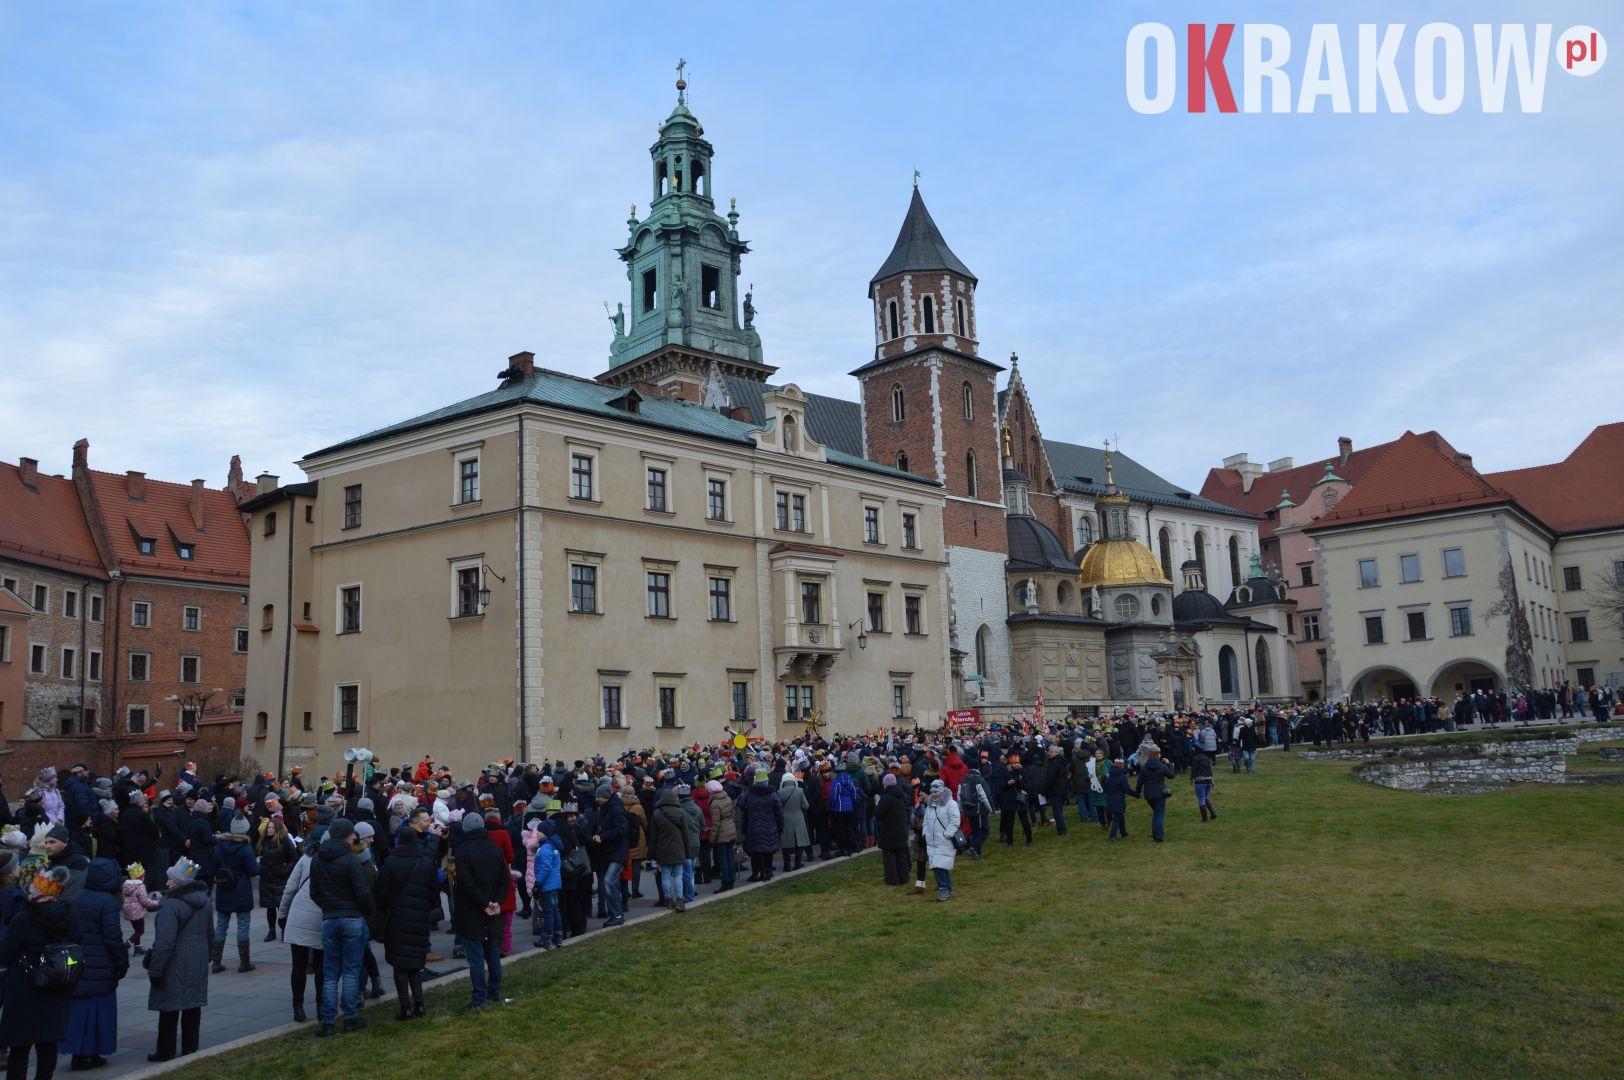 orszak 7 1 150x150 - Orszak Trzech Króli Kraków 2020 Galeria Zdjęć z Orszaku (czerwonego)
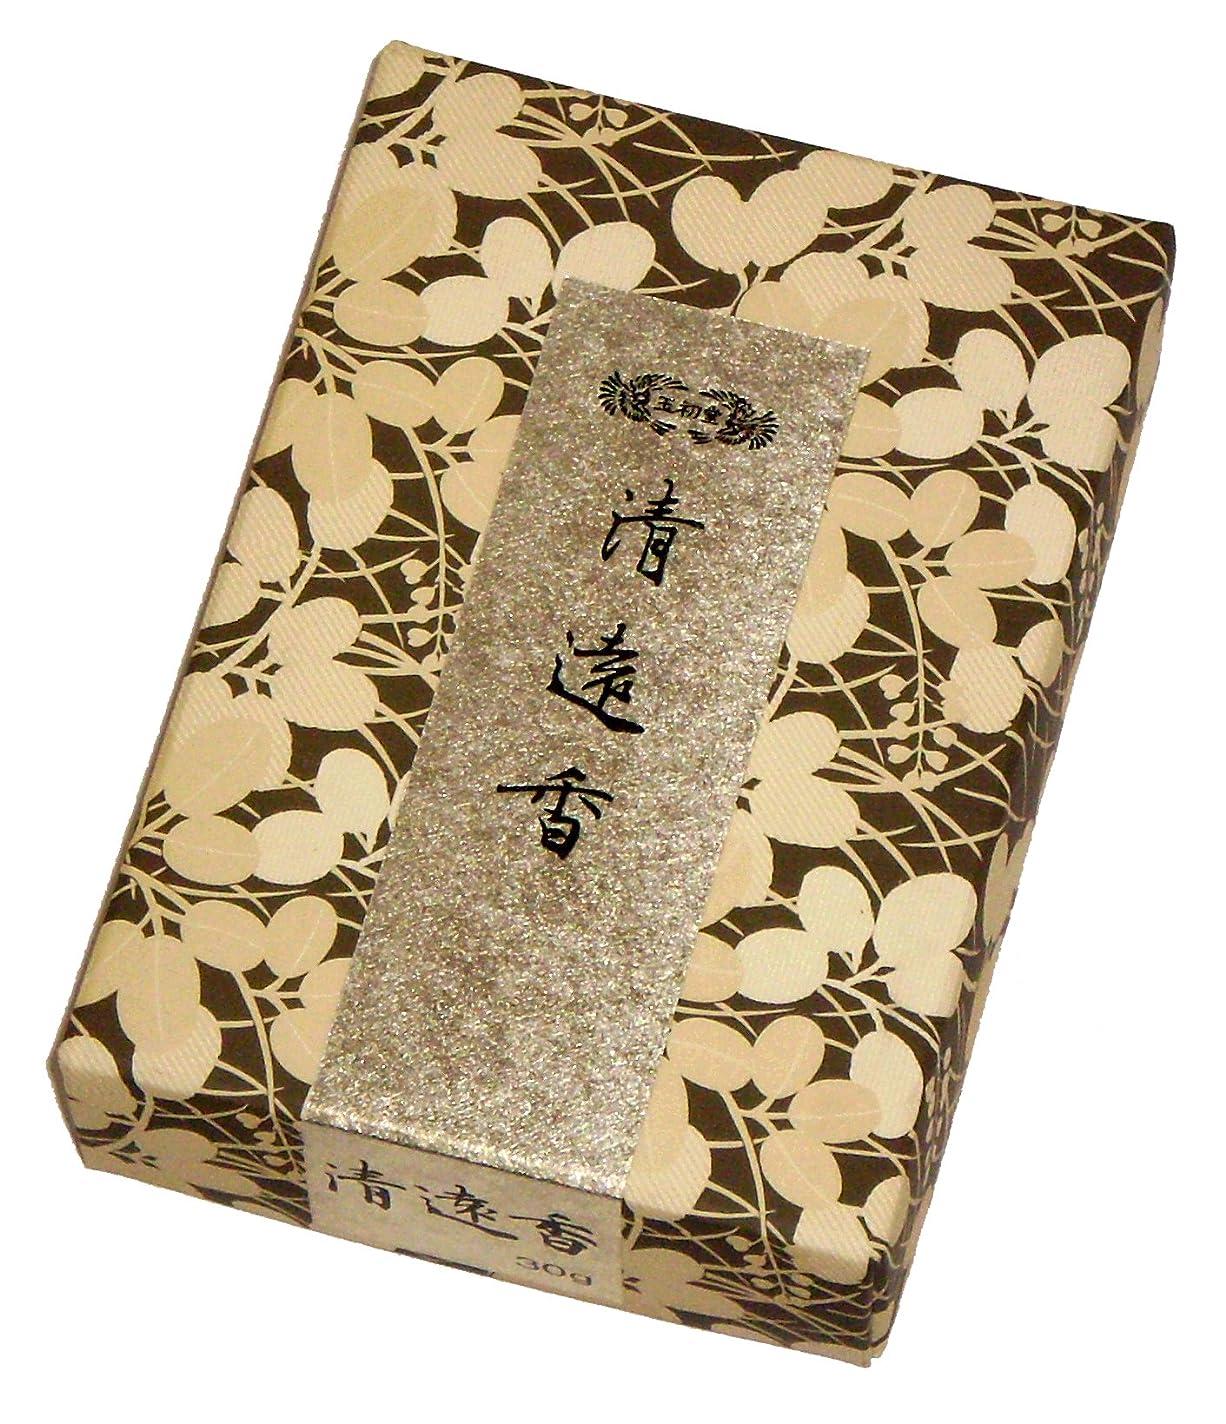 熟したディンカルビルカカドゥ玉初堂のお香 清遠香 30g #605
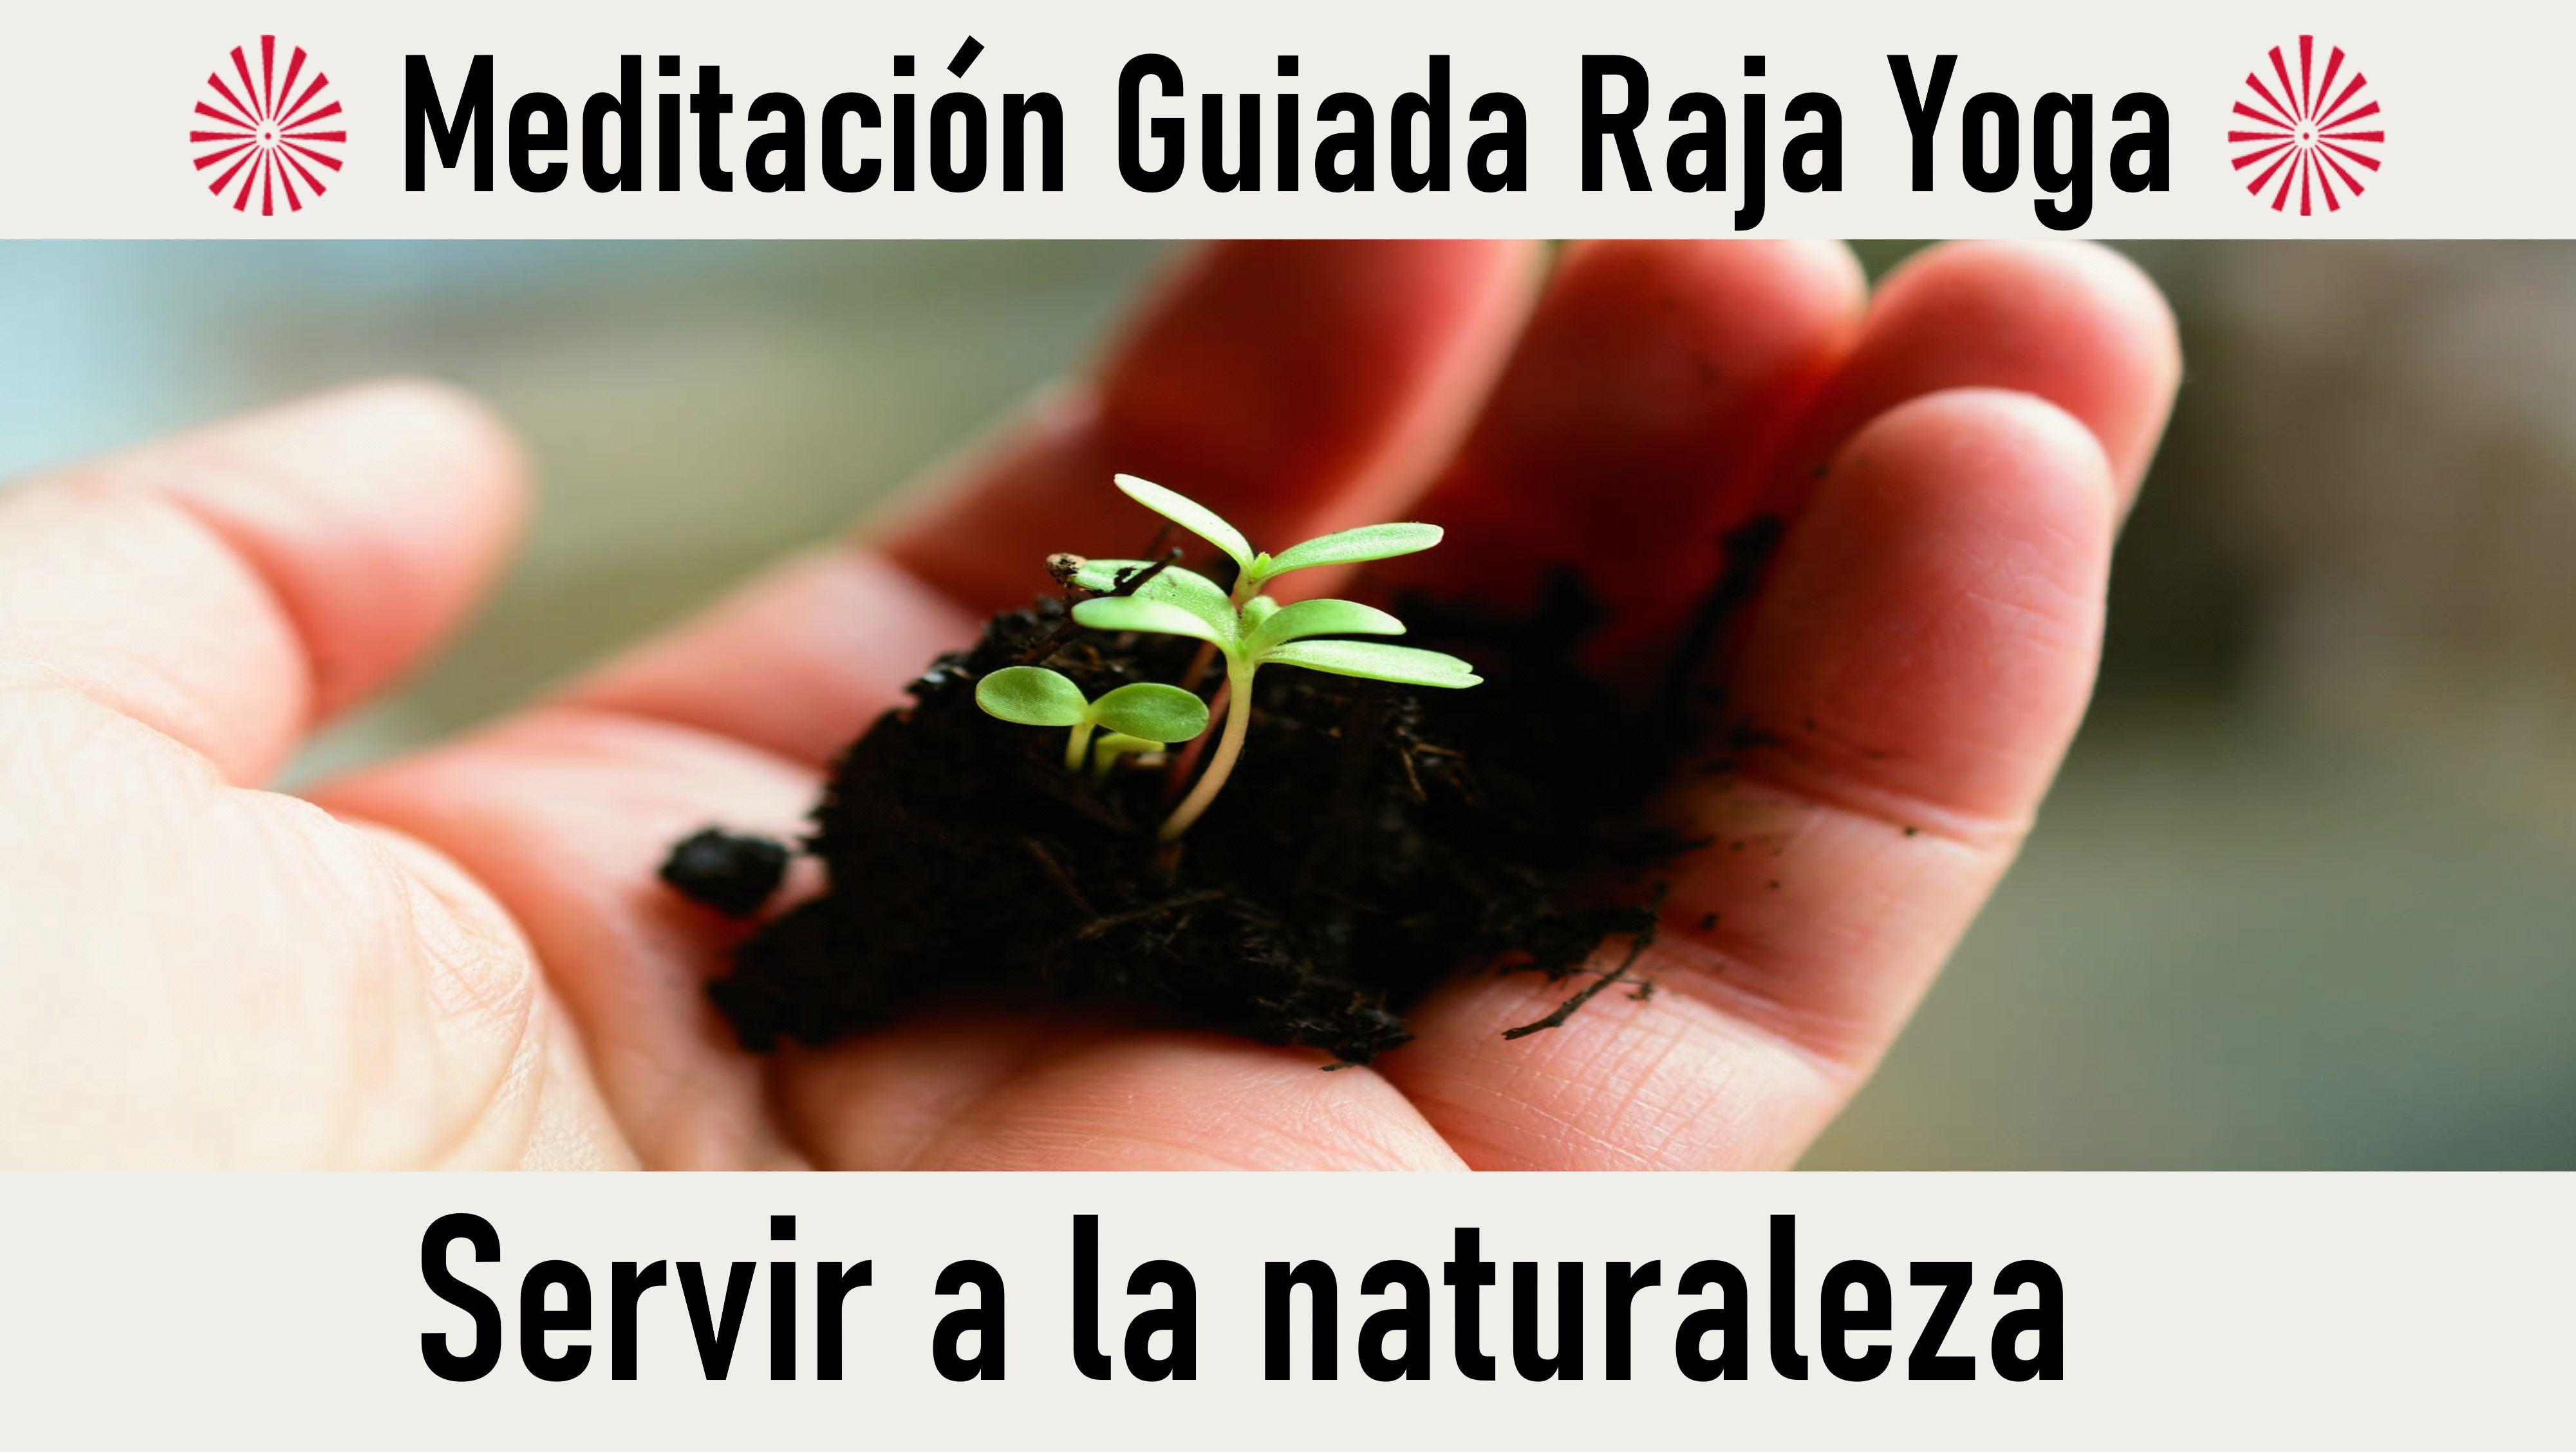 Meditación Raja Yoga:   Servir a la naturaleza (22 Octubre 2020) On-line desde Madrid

──────────────────────────────

#### TASK OBJECTIVE
Leaving out the pictures, output each line above exactly as it is.

#### SOLVED EXERCISE
 orszak 7 1 150x150 - Orszak Trzech Króli Kraków 2020 Galeria Zdjęć z Orszaku (czerwonego)
 熟したディンカルビルカカドゥ玉初堂のお香 清遠香 30g #605
 Meditación Raja Yoga:   Servir a la naturaleza (22 Octubre 2020) On-line desde Madrid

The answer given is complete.